Dice la Biblia que por prueba, encuentro y renovación, Jesús tuvo que pasar cuarenta días y noches respectivas, de oración y ayuno, en el desierto de Judea. Malas siempre son las comparaciones, pero lo cierto, es que Pedro Sánchez, el presidente en funciones de España, lleva más de quince en un territorio político cada vez más inhabitable y lleno de peligros.

    Al margen de la truncada travesía desde la moción de censura a Mariano Rajoy y el gobierno de 84 diputados, con los que gobernó hasta las elecciones del pasado 28 de abril, ahora mismo, PSOE y Unidas Podemos (UP) lejos de acercar sus posiciones, se limitan a un increscendo mutuo de intolerancia. Esto, con una puesta en escena cada vez más barroca, que se ha manifestado en la profusión compartida de una ristra incalculable de reproches varios que, a merced de la ciudadanía, quedan expuestos en el mentidero público digital.

    ¿Será que el Gobierno de coalición es una entelequia del electorado progresista o será que esos votantes sienten una animadversión tajante sobre una repetición electoral fallida?
    Si nos sustentamos en las cifras, el PSOE ha sido la lista más votada, tiene el grupo más grande del Congreso y atesora la mayoría absoluta en el Senado.

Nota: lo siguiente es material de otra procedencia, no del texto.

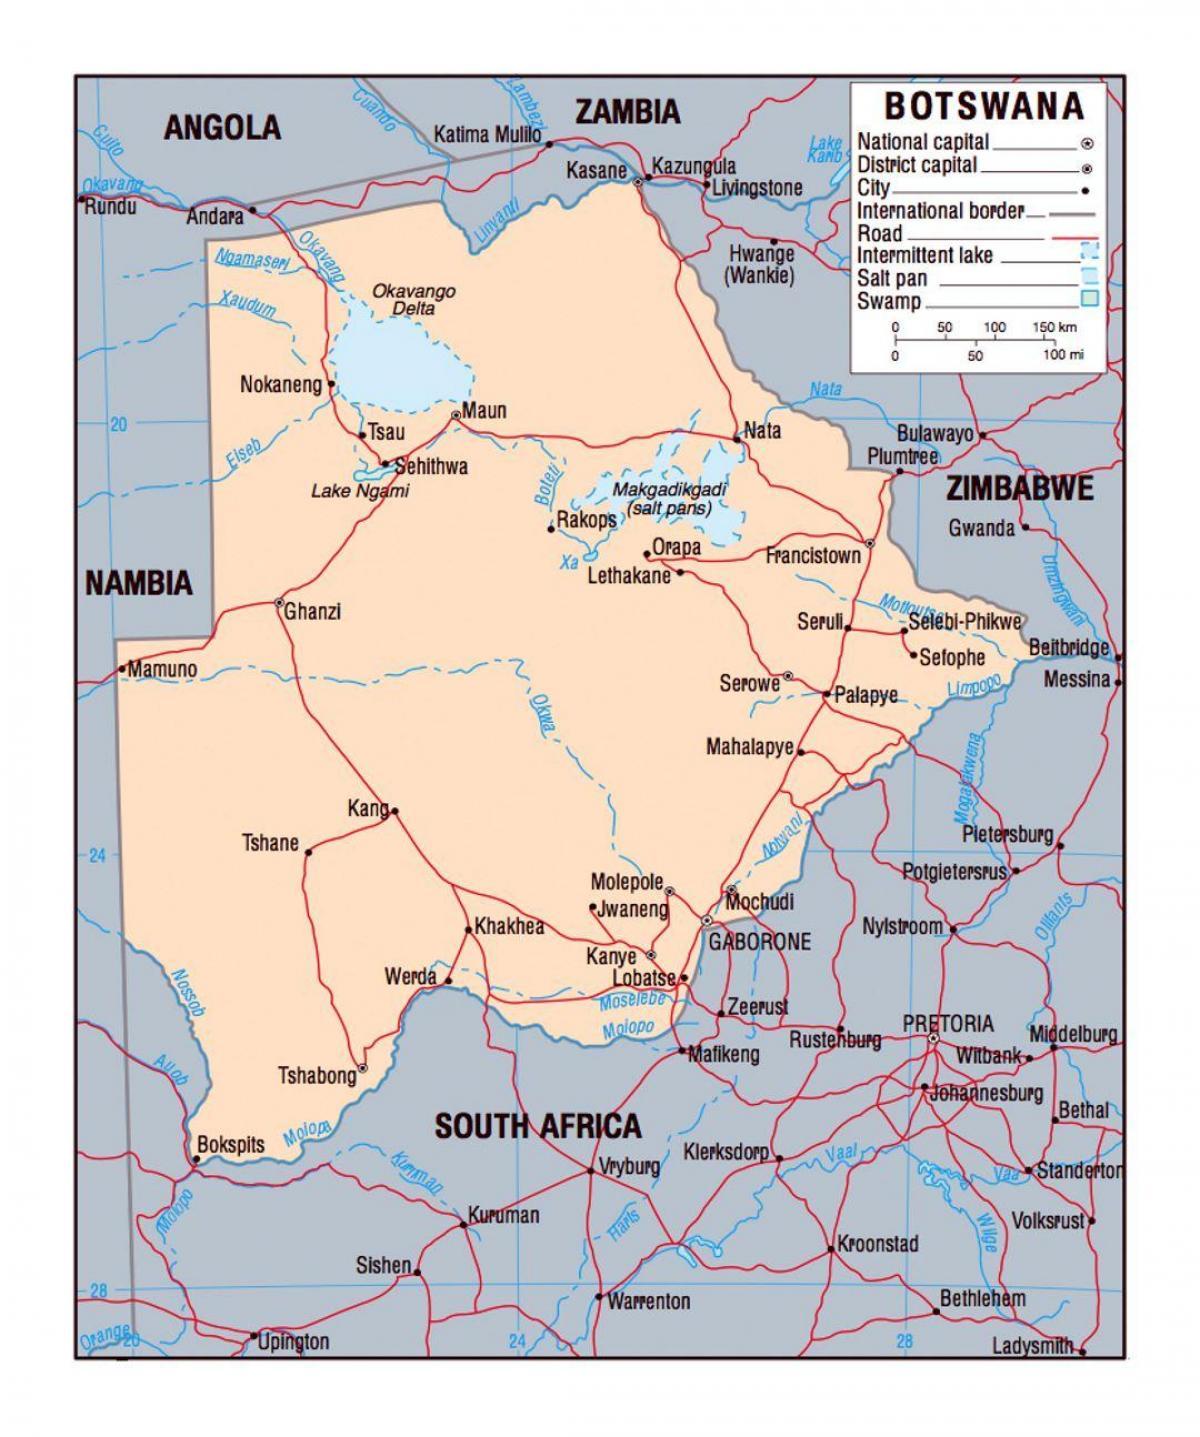 Botswana Political Map.Botswana Political Map Map Of Botswana Political Southern Africa

Sin embargo, no tiene la mayoría para gobernar, así que el reparto del poder se ha tornado un proceso innegable y, en estos momentos, farragosos, sobre todo, después de la investidura fallida de finales del mes de julio que dejaron ver, y no precisamente entre bambalinas, la desconfianza mutua existente. Es imprescindible un acuerdo antes del veintitrés de septiembre pero las cábalas de sumatoria de escaños todavía no cuadran. Incluso las reuniones con sindicatos y patronal en Moncloa para acercar posiciones y buscar apoyos, no han sido muy aclaratorias.

    En el palacio de Marivent en Palma de Mallorca Sánchez, con aire vehemente luego de conversar con Felipe VI, subrayaba que su gobierno sería en solitario con apoyos de terceros y abstenciones, pero a día de hoy, las continuas negativas de izquierda y derecha se van solapando y dejan un mar de dudas. Incluso las reuniones con sindicatos y patronal en Moncloa para acercar posiciones y buscar apoyos, no han sido muy aclaratorias.

    ¿Será que por cuarta vez desde 2015, estaremos abocados de manera inexorable a recurrir a las urnas, para superar este bloqueo político?